Seeing newspapers fall apart brings me joy. Not for those suffering loss of income of course, but rather I see a tremendous opportunity for entrepreneurs to serve customers for social gain and profit. In their present incarnation, newspapers are regional monopolies of sales and distribution of display advertising. As such, they charge exorbitant fees for their advertisements to support and protect their monopolies – leaving few resources actually gather news. I left that business after I witnessed the way the monopolists practiced it.
Entrepreneurs exist to slay bloated, mismanaged so-called businesses just like these. And monopolist newspaper owners know this. That is why they have developed – for decades, at every deliberate step – a program of undermining competitive business practices. For this reason, we all want to see them fail, no matter the cost or collateral damage. Joint Operating Agreements demonstrate the most obvious example. Natural monopolies define the business. High barriers of entry: fancy offset web color printing presses, wide geographic house-to-house distribution and big staffs. The way the business was originally established, it was very difficult to gain a foothold. Only the most daring would spend the amounts of money required to compete. To punish them, media owners with political influence convinced lawmakers to permit the ultimate competitive abomination, the Joint Operating Agreement. A JOA allows a single capitalist to take control of two separate, supposedly competitive media entities to extract the profit from both.

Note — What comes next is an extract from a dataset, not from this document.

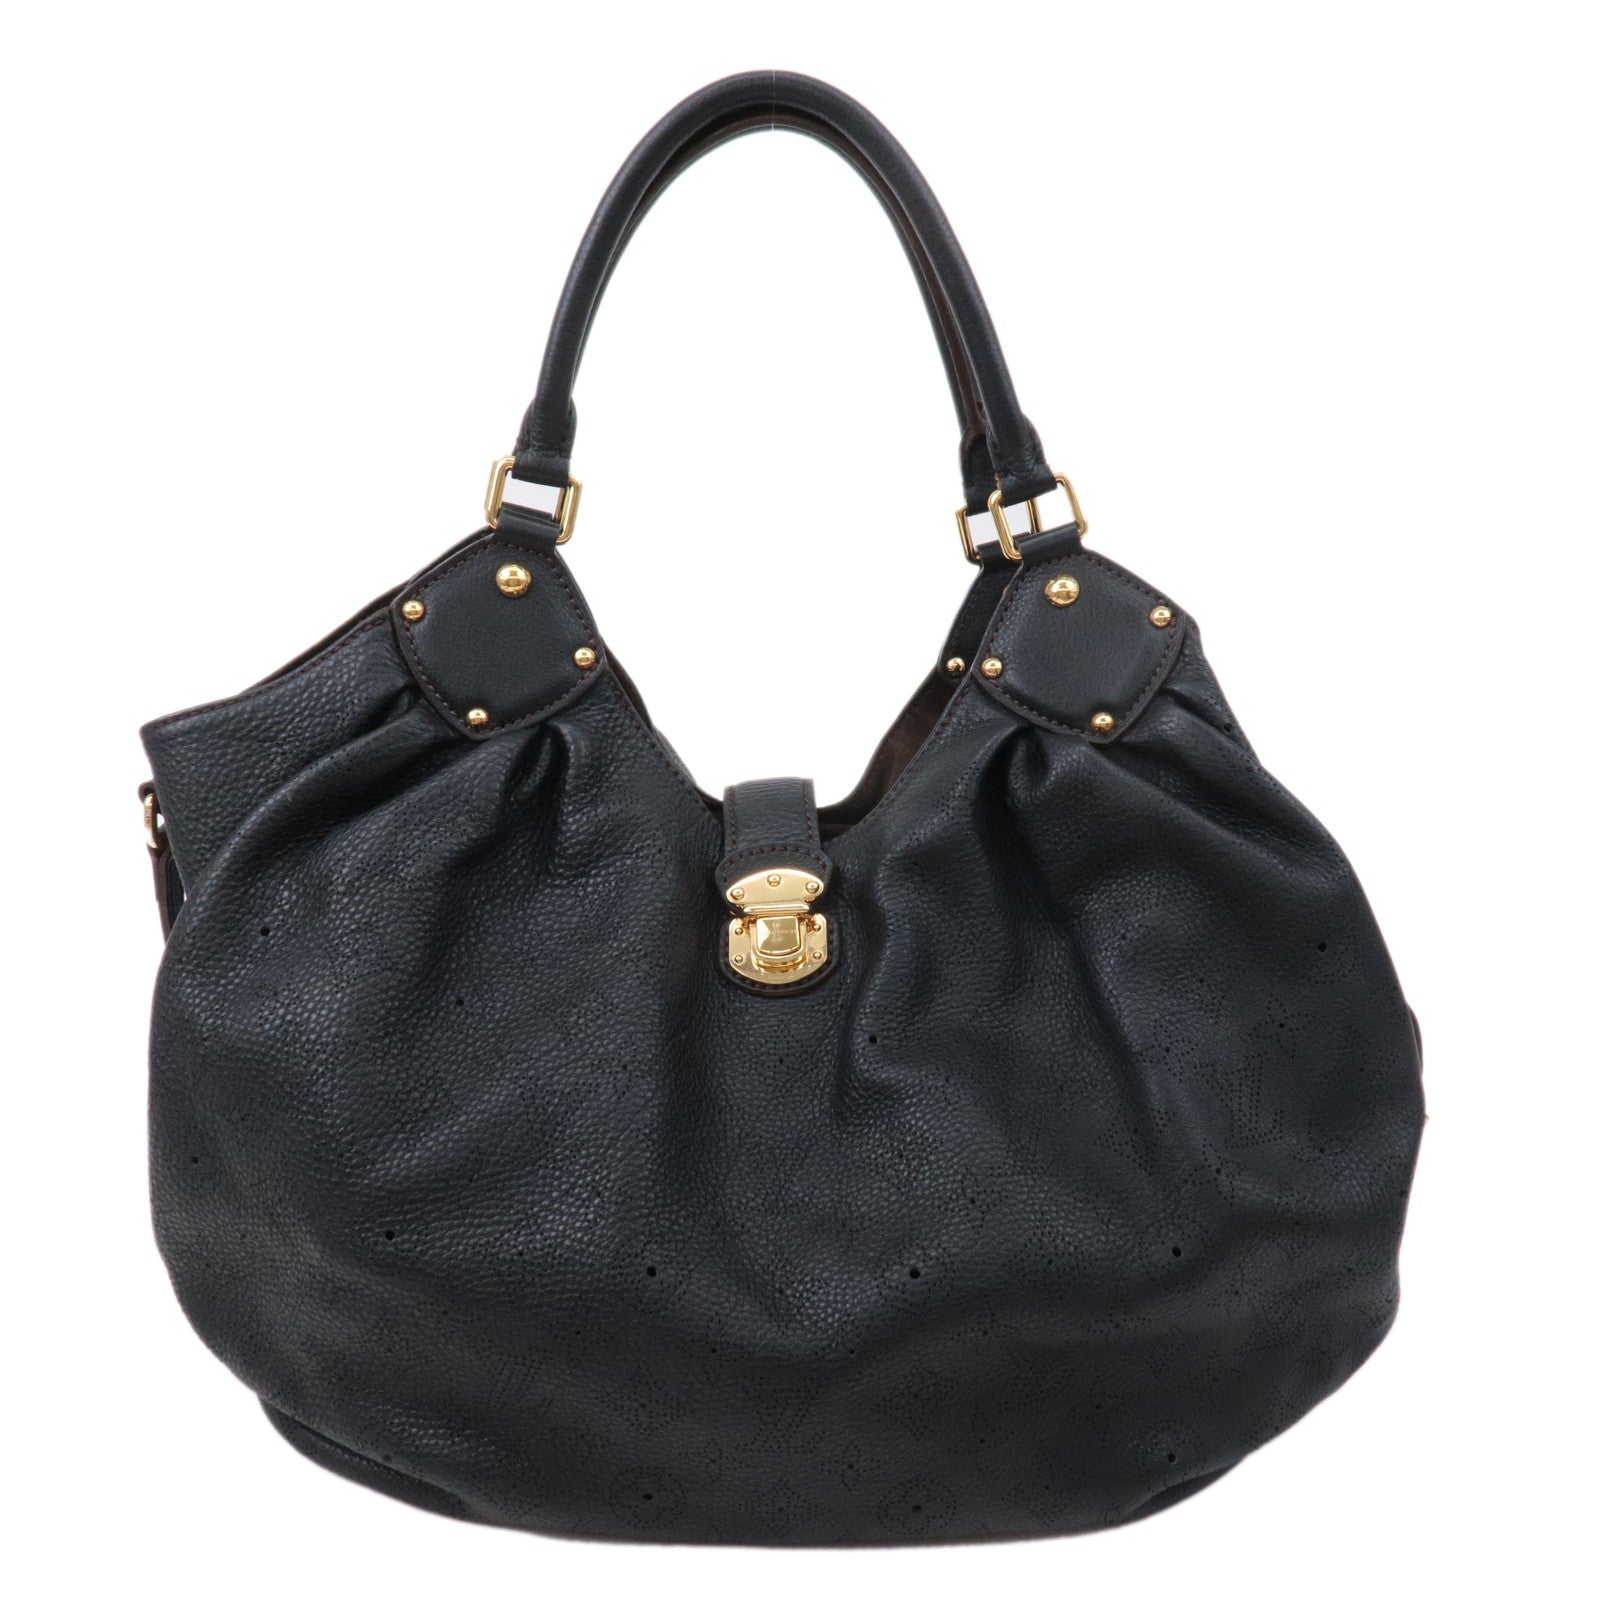 Stunning Louis Vuitton Handbag Designer Leather Monogram Bag

The solution to the economic equation admits two variables: capital and labor. The JOA allowed a constraint against competitive capitalists, but what about competitive laborers? This was the only business that was allowed to hire child labor into the 1980’s. I know: I was a legally employed child laborer employed by a monopolist newspaper corporation operating under a JOA in the 1980s. I woke up at 6 a.m. to throw papers on doorsteps at $0.15/piece plus tips. The only reason newspapers stopped hiring children was because eventually they realized they could hire ex-cons with driver’s licenses and $800, gas-guzzling, 15-year-old clunkers – and pay fewer of them the same rate as the children they once employed! But it’s worse than that.

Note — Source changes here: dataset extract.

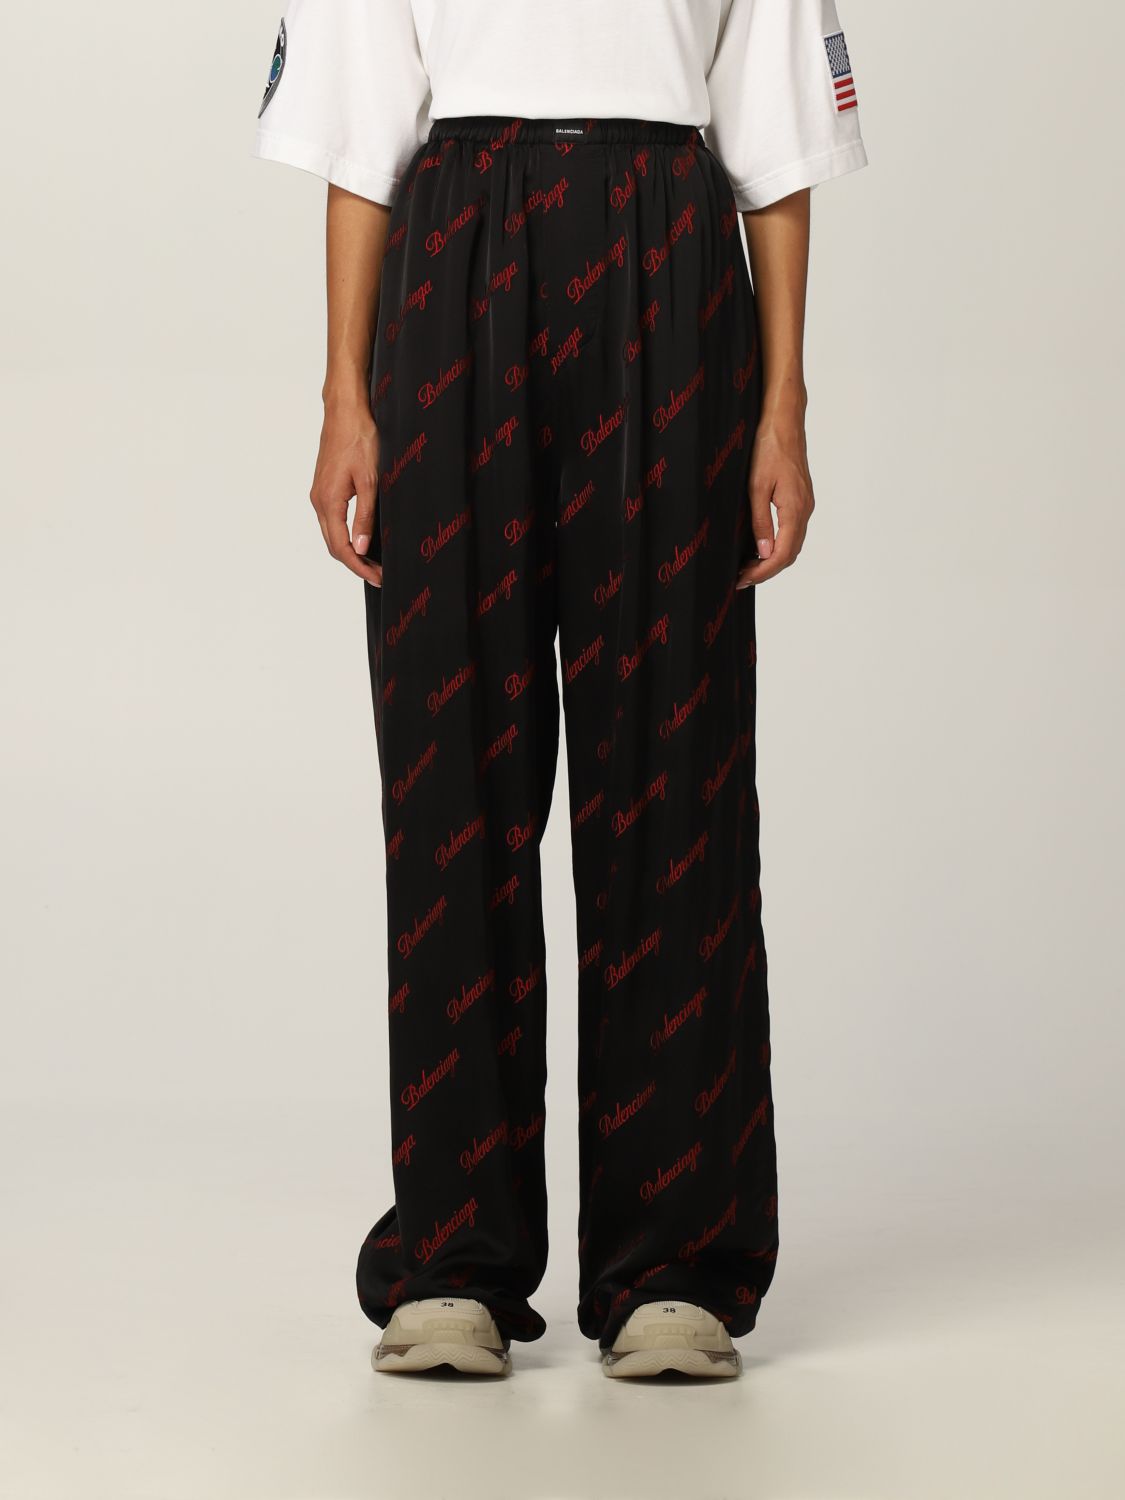 BALENCIAGA: Pajama trousers in viscose - Black Balenciaga 659026 TKO52 online on GIGLIO.COM

I am convinced these monopolists loaded up journalism schools with operatives to teach students one thing: that journalists should not expect high wages. Then drape the profession in the flag and a noble patina and inculcate students with the expectation of low pay. The monopolists installed these operatives at places like Columbia and Northwestern who charge how much for a degree? What other profession trains their workers never to expect to be successful? Why should any worker providing a valuable service to millions of customers not expect to become wealthy? Was it this way in the days before large monopolies took over? I expect when there was competition among producers – a time when being a journalist was not defined by possessing a qualified university liberal arts degree – a journalist would expect her superior talents would allow her to rise up the income ladder, as with other industries.
The journalist laborer’s expectation of low wages – repeated from the first j-school professor to the last suburban line editor – comes from the top, BY DESIGN, as a cost of protecting the monopolist profit. Who endows and supports these positions politically within the university system? What sort of academic credentials does a typical journalism professor possess, compared to, say, a physics or law professor? A guy with a J-school degree and 20 years experience as a mid-level night city editor is damn happy to get a square 9-to-5 teaching gig with benefits. And he owes a debt of gratitude to his benefactors. This is a perverse way to train professionals but a great way to ensure cheap labor. What is happening to all these journalism degree holders now after being laid off and forced to compete in other fields? What is the value of that credential, training and newspaper experience? I believe the monopolist extracted it.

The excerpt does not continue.